DE102019213863A1 discloses a control device for a motor vehicle, comprising at least one control element for changing and/or selecting an operating mode or an operating parameter of the motor vehicle, in particular a target speed stored in a cruise control system of the motor vehicle, wherein the control element is arranged or formed on or in a selector device, in particular a selector lever.

CN113669440A discloses an electronic gear shifting system and a vehicle. The electronic gear shifting system comprises a seat body, a gear shifting part and a controller, wherein the gear shifting part is movably arranged on the seat body, the controller is constructed to be suitable for obtaining a target position and a target function of the gear shifting part and generating a corresponding control instruction according to the target position and the target function, the controller is suitable for controlling an executing mechanism corresponding to the target function to execute the control instruction, the target functions comprise a gear shifting function and a non-gear shifting function. According to the electronic gear shifting system, gear shifting or other multiple functions can be achieved through the gear shifting part.

SUMMARY OF THE INVENTION

The object is reached by a command device as defined in claim 1. The dependent claims define particular embodiments of the invention.

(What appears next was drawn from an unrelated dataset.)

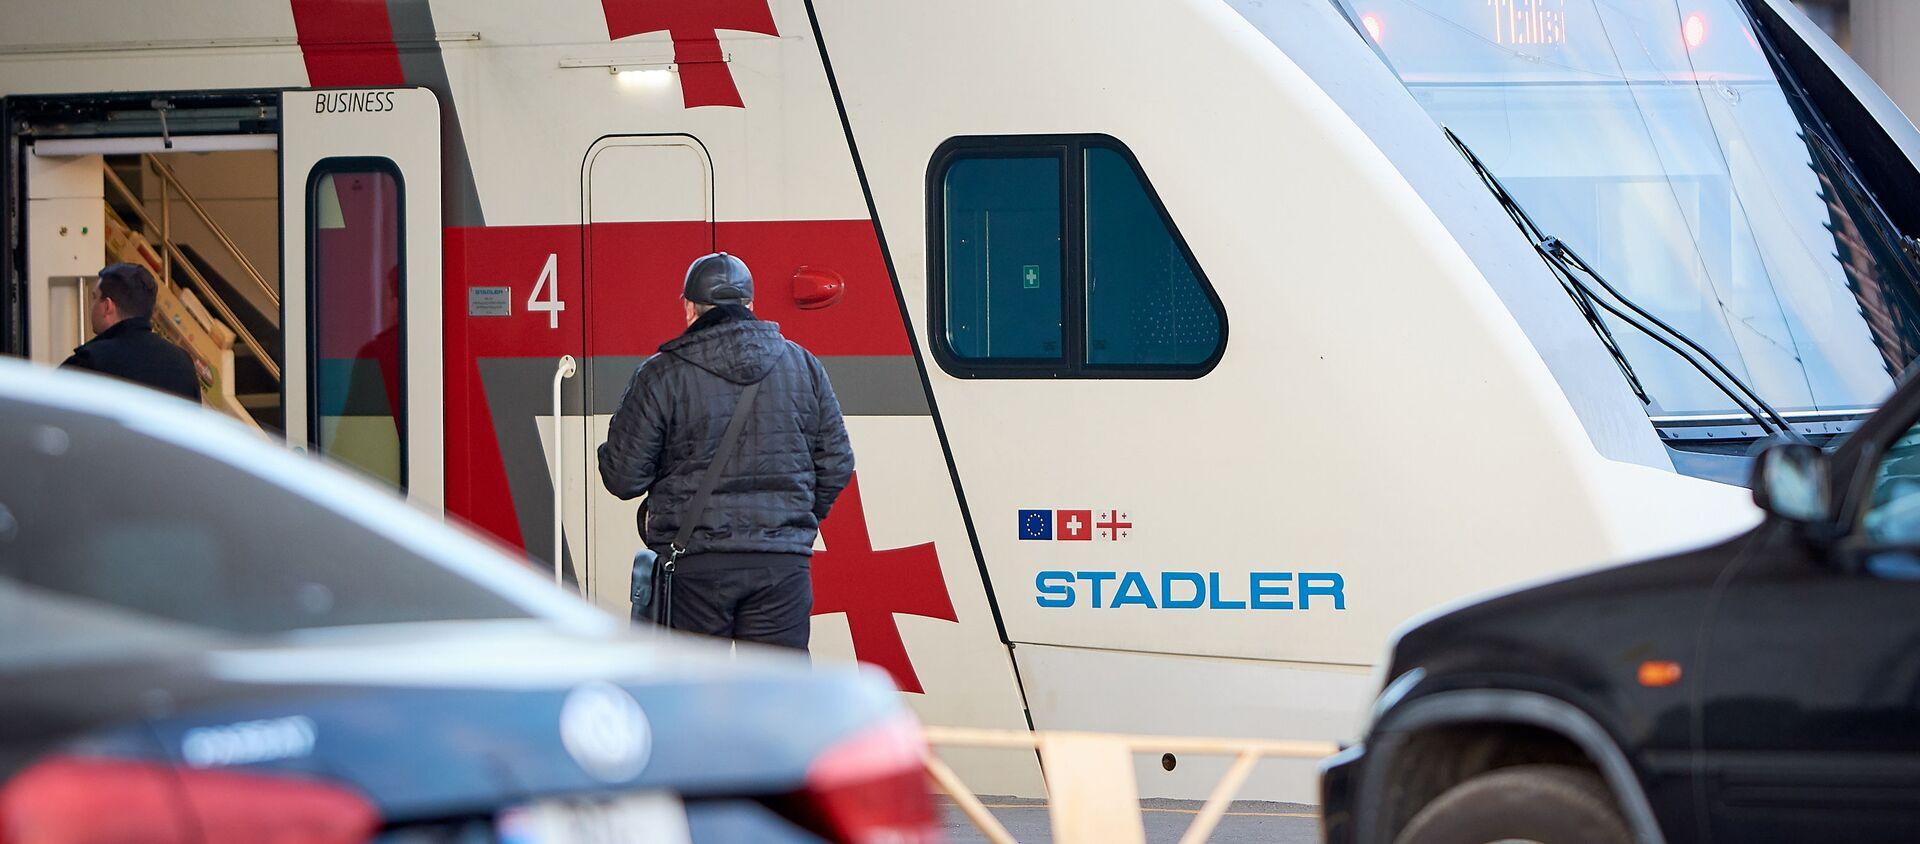 Двухэтажный пассажирский поезд Stadler выполняет рейс Тбилиси - Батуми - Sputnik Грузия, 1920, 12.03.2021

BRIEF DESCRIPTION OF THE DRAWINGS

Hereinafter, four embodiments of the invention are described, in order to allow the latter to be better understood, by way of non-limiting examples and with reference to the accompanying drawings, wherein:

FIG. 1 is a schematic top view of a motor vehicle according to a first embodiment of the invention, with parts removed for greater clarity;

FIG. 2 is a schematic view of a command device for the motor vehicle shown in FIG. 1 in a first operating configuration;

FIG. 3 is a schematic view of the command device of FIG. 2 in a second operating configuration;

FIG. 4 is a partial view of the command device of FIGS. 2 and 3 with parts removed for greater clarity;

FIG. 5 is a schematic view of a command device for a motor vehicle according to a second embodiment of the invention and in a first operating configuration;

FIG. 6a is a schematic sectional view of the command device of FIG. 5 and in a second operating configuration;

FIG. 6b is a schematic sectional view of the command device of FIG. 5 in the first operating configuration;

FIG. 7 is a schematic view of a command device for a motor vehicle according to a third embodiment of the invention and in a first operating configuration;

FIG. 8 is a schematic view of the command device of FIG. 7 in a second operating position; and

FIG. 9 is a partial view of a command device according to a fourth embodiment of the invention, with parts removed for greater clarity;

DETAILED DESCRIPTION OF THE INVENTION

In FIGS. 1 to 4, reference number 1 is used to indicate, as a whole, a motor vehicle according to a first embodiment of the invention. Preferably, though not necessarily, the motor vehicle 1 is an electric or hybrid vehicle.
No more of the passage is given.